Я что-то говорила при этом. Я просила всех мне известных богов, путая три мне известных языка. Я читала "Отче наш" по-английски, отрубая ножом-змеей головы жертвенным курам. Я повторяла непонятные самой магические формулы Ма Обдулии, окропляя кровью тела тех, за кого мы просили небеса. Я твердила по-испански "Верую", проводя над их головами широким мачете, на котором засохла кровь врагов – чтобы отпугнуть всех демонов. Потом я закопала кур глубоко под порогом и утоптала землю. Потом стояла на коленях перед огнем и не помню, что говорила.

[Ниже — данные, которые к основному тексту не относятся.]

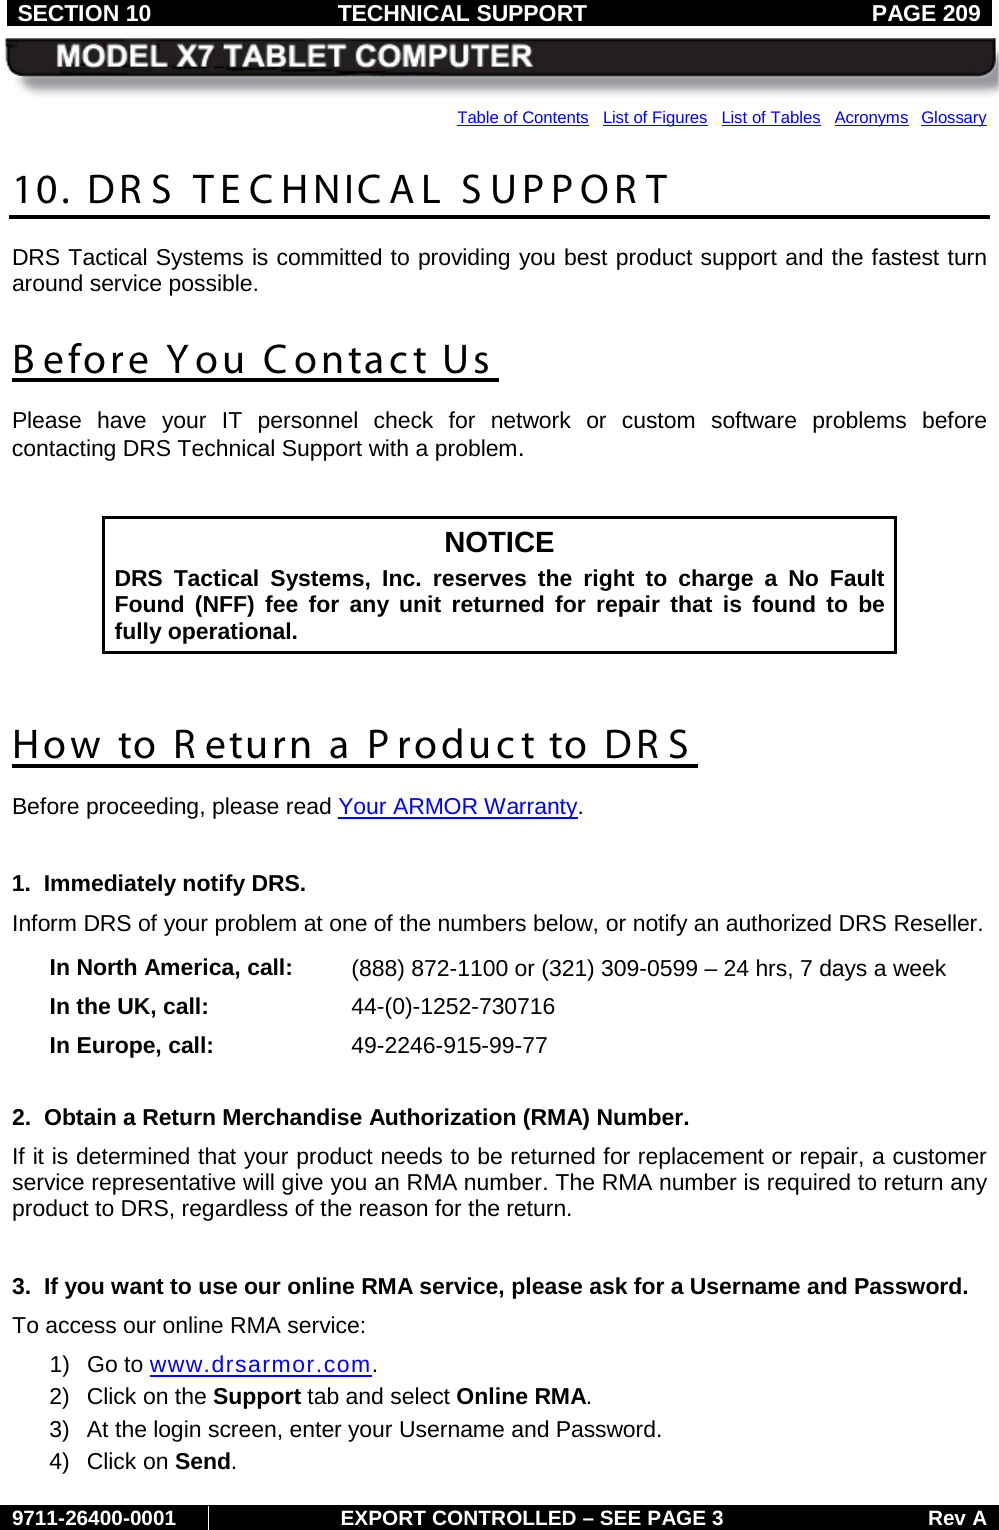 SECTION 10 TECHNICAL SUPPORT  PAGE 209     9711-26400-0001 EXPORT CONTROLLED – SEE PAGE 3 Rev A Table of Contents   List of Figures   List of Tables   Acronyms  Glossary 10. DR S  TECHNICAL SUPPORT DRS Tactical Systems is committed to providing you best product support and the fastest turn around service possible. B efore You C ontact Us  Please  have your IT personnel check for network or custom software problems before contacting DRS Technical Support with a problem.   NOTICE DRS Tactical Systems, Inc. reserves the right to charge a No Fault Found (NFF) fee for any unit returned for repair that is found to be fully operational.  How to R eturn a Product to DR S Before proceeding, please read Your ARMOR Warranty.  1.  Immediately notify DRS. Inform DRS of your problem at one of the numbers below, or notify an authorized DRS Reseller.  In North America, call: (888) 872-1100 or (321) 309-0599 – 24 hrs, 7 days a week In the UK, call: 44-(0)-1252-730716 In Europe, call: 49-2246-915-99-77      2.  Obtain a Return Merchandise Authorization (RMA) Number. If it is determined that your product needs to be returned for replacement or repair, a customer service representative will give you an RMA number. The RMA number is required to return any product to DRS, regardless of the reason for the return.   3.  If you want to use our online RMA service, please ask for a Username and Password. To access our online RMA service: 1) Go to www.drsarmor.com. 2) Click on the Support tab and select Online RMA. 3) At the login screen, enter your Username and Password. 4) Click on Send.

Перед глазами плыли круги, плыли и раздвинулись, и между ними, в сияющих облаках, открылась зеленая лунная дорожка. Сильный, мускулистый, широкоплечий мальчик и большой, с обвислым хвостом и острыми ушами пес шли по ней, удаляясь… потом замедлили движение, остановились, и мальчик медленно, неуверенно обернул ко мне лицо в ореоле нестриженых волос, которые словно светились изнутри желто-зеленым светом. Посмотрел мне в глаза и замер. Пес тоже повернул морду и сверкнул на мгновение прозрачными желтыми глазами. Потом словно виновато махнул хвостом, опустил голову и один побрел по лунной дорожке, тяжело переставляя лапы.

Очнулась от жгучего вкуса во рту. Я лежала на циновке, и Факундо вливал мне в рот вторую ложку рома. Еще тлели угли в большей глиняной чаше.

– Он спит, – сказал Факундо. Он очнулся, попросил воды и спит. Ты тоже спи.

Завтра тебе потребуются силы.

Завтра наступило быстро. Едва взошло солнце, у наших ворот уже стоял гонец. Он был один, седой старик без маски и без оружия, с витым жезлом посланца правителя.

– Боле Шойинки сожалеет о происшедшем, – начал он. Он надеется, что юный воин залечит свои раны, и сегодня же пришлет лучших лекарей, что есть в городе. Боле сказал: пусть сын Шанго встанет на ноги и придет в город, когда выздоровеет.

Умерщвление огбони тяжкое преступление против обычаев и подлежит большому суду.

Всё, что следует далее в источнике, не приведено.